Storage tank roof collapsed in April 2007 killing two Chinese migrant workers employed by Sinopec Shanghai Engineering Canada near Fort McMurray. (CBC)

In May 2012, a union staged a blacklist tribunal in front of the Mexican consulate for all the farm workers who have allegedly been sent home for attempting to unionize. Later in June, the exotic dancer stream of the TFWP was cut after the immigration and the human resources departments deemed that there were risks of human trafficking and exploitation within the stream. And this fall the premier of B.C. was severely criticized for advertising a Chinese mining project as a way to bring jobs to Canadians, when up to 2,000 Chinese migrant workers will be recruited to work in mines — rather than offering the jobs to locals, including the First Nations from those areas. The job ads also listed Mandarin as a language requirement, ruling out most Canadians from applying.

It was also discovered in an investigation by The Tyee that Chinese workers were being charged recruitment fees of more than $12,500 in exchange for work in the mine. Two unions have challenged the Chinese workers’ entries, through a judicial review that was approved by the Federal Court. As the controversy grew, Human Resources and Skills Development Canada announced it was reviewing the entire program.

XL Foods, based in Alberta, also came under fire for laying off 2,000 workers, 800 of whom turned out to be migrant workers, after the massive beef recall in September 2012.

And earlier in November four Mexican migrant workers filed a human rights case against their employer at Tim Horton’s in Dawson Creek, B.C., who they say gave them the “double-double” treatment, by doubling them up in bunk beds and charging them double in rent, as well as withholding their passports and calling them, according to reports, “Mexican idiots” — charges their employer said were “made up.”

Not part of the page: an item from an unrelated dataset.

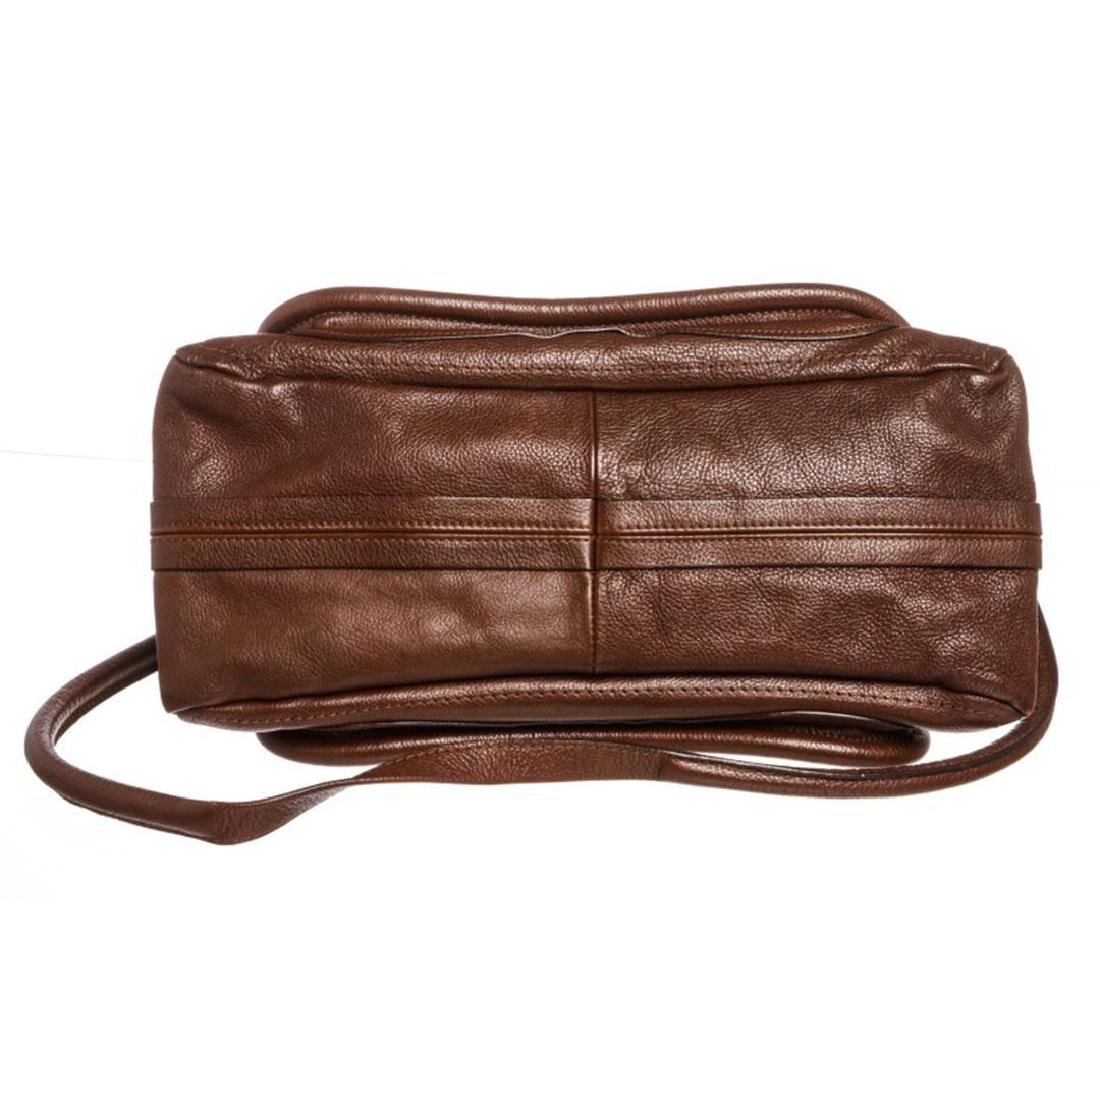 Chloe Brown Leather Paraty Medium Satchel Handbag - 4

Alberta’s two-tier labour system

Alberta currently has the highest per capita use of migrant workers, largely due to the oil sands projects — 22 times higher than the rest of the Canada — and their situation reveals troubling rates of mistreatment. As a 2010 audit by the Alberta Ministry of Employment and Immigration discovered, 74 per cent of migrant workers were mistreated by their employers, who typically violated labour laws on overtime, holiday and vacation pay.

Gil McGowan, president of the Alberta Federation of Labour, sees the treatment of migrant workers as an issue that affects Canadians directly. “They are being used as pawns to drive down wages and conditions across the board, especially in the service sector but also in higher income sectors like construction.”

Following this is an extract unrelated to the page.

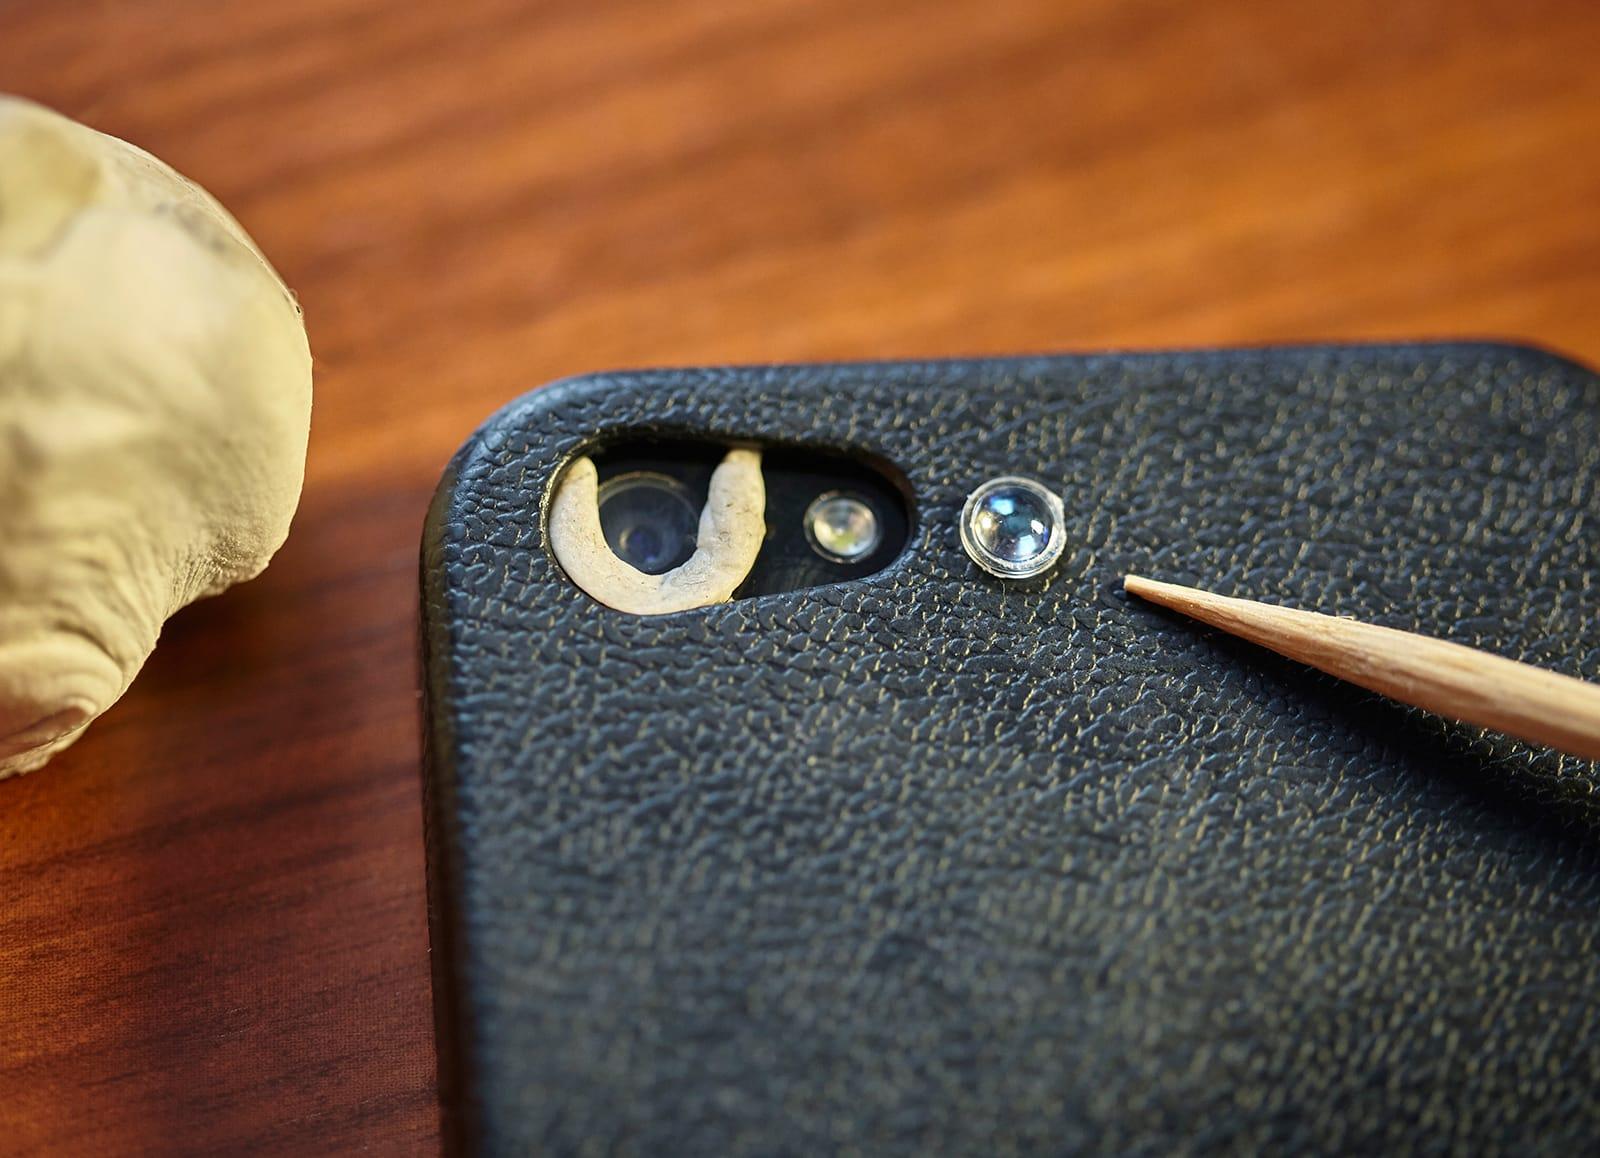 Creative Hack Gives You Stunning iPhone Macro Shots

McGowan thinks the growing reliance on temporary foreign labour is a move backwards for Canada: “The Harper government is changing that model in a profound way without any kind of public discussion: to replace the citizenship-based model with a model focused on creating underclassed ghettos of exploitable workers.”

He foresees future labour tensions, such as those in Western Europe and the Middle East where “guest workers” perform work their citizens refuse to do. “It set off a powder keg of resentments and animosities between the guest workers and the citizens of the countries in which they are working,” he says. The citizens felt that the guest workers “were being used to undermine their wages and conditions, which frankly, they are.”